Intro
When I first came upon a spear phishing email a few months ago which originated from the UK’s Ministry of Defence I thought that was pretty queer. Like, how ironic that an invoice scam is coming from a Defense Ministry. Do they have a bad actor? Are we on the cusp of cracking some big international cybertheft? Do we tell them?
Then their address space came up yet again just a few days ago, this time in a fairly different context. Microsoft’s Exchange Online service hosted in the UK cannot deliver email to a particular domain:
8/5/2016 3:32:35 PM - Server at e********s.net (25.152.12.27) returned '450 4.4.312 DNS query failed(ServerFailure)' |
I obscured the domain a bit. But it’s an everyday domain which every DNS server I’ve tested resolves just fine. But Microsoft doesn’t see it that way. Several test messages have shown non-delivery reports using these other addresses as well following the “Server at…”: 25.152.8.27, 25.152.16.27.
The Register sheds the most light – but it still lacks in critical details – on what might have happened to the UK Ministry of Defence’s IPv4 address space, namely, that some was sold. Here’s the article.
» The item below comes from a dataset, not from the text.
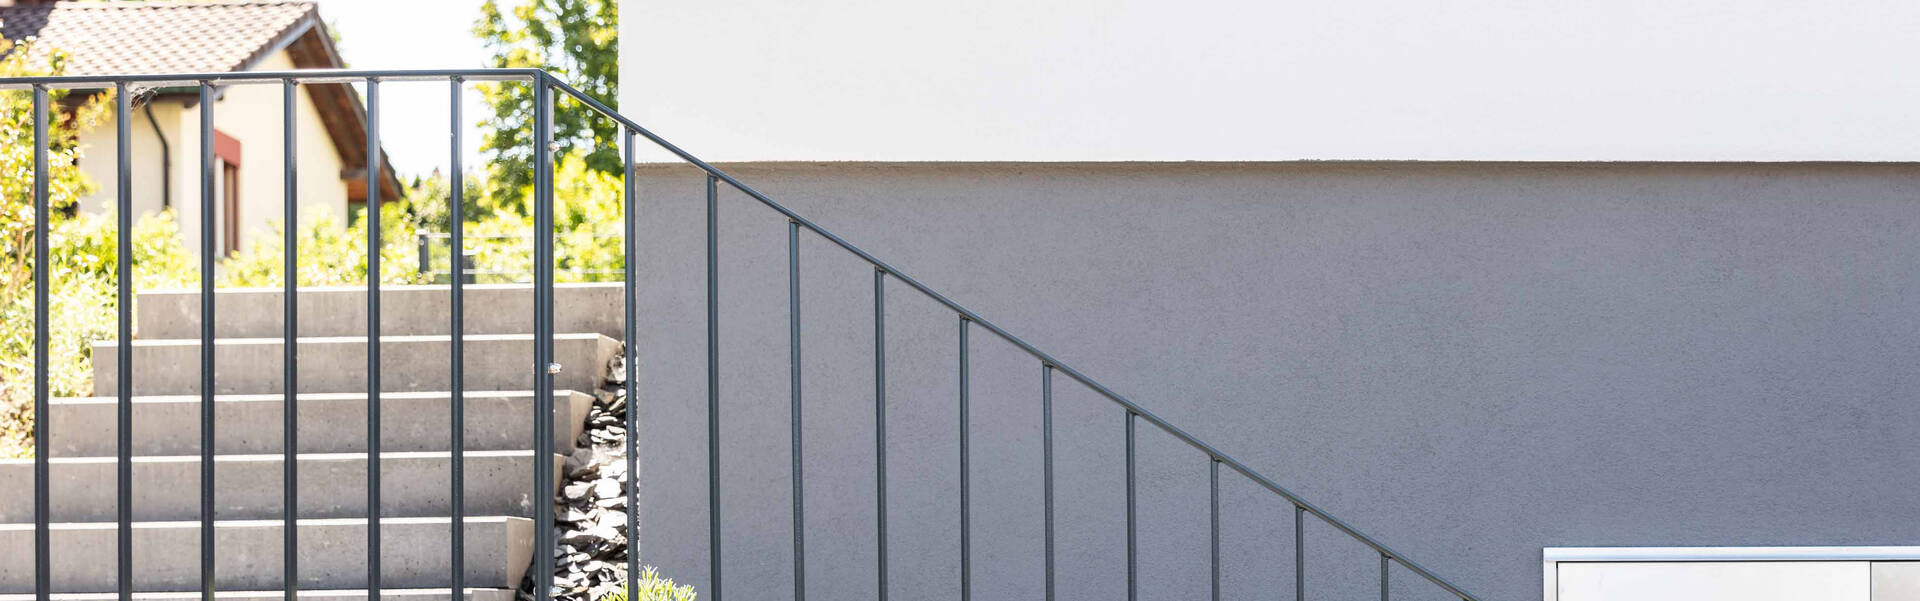 Französischer Balkon Stabgeländer Treppengeländer Balustrade Gitter Holzoptik 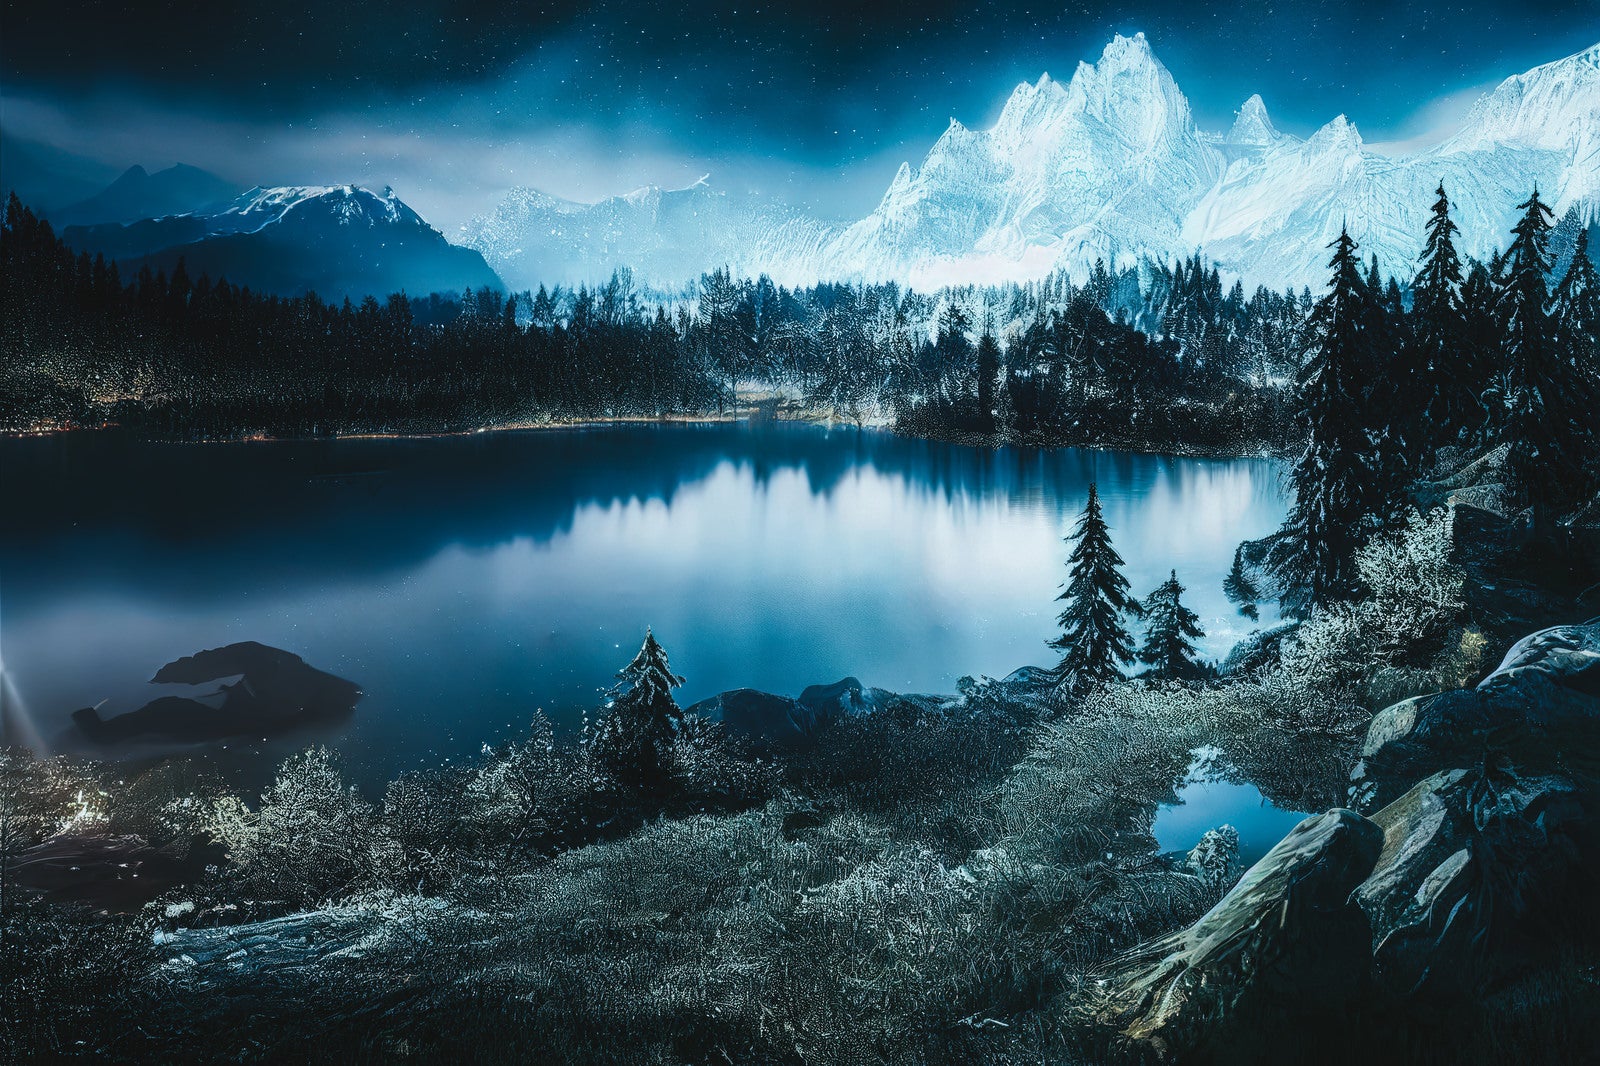 「雪山と静寂な湖」の写真

How do you show that all these 25.152.8.8 addresses belong to the Ministry of Defence? You use RIPE: http://ripe.net/ and do a search. It shows that 25.0.0.0/8 belongs to them. But according to the article in The Register this is no longer true as of late last year.
Why is Microsoft using these IP addresses? No idea. But something I read got me to suspecting that some outfits decided to use 25/8 address space as though it were private IP addresses!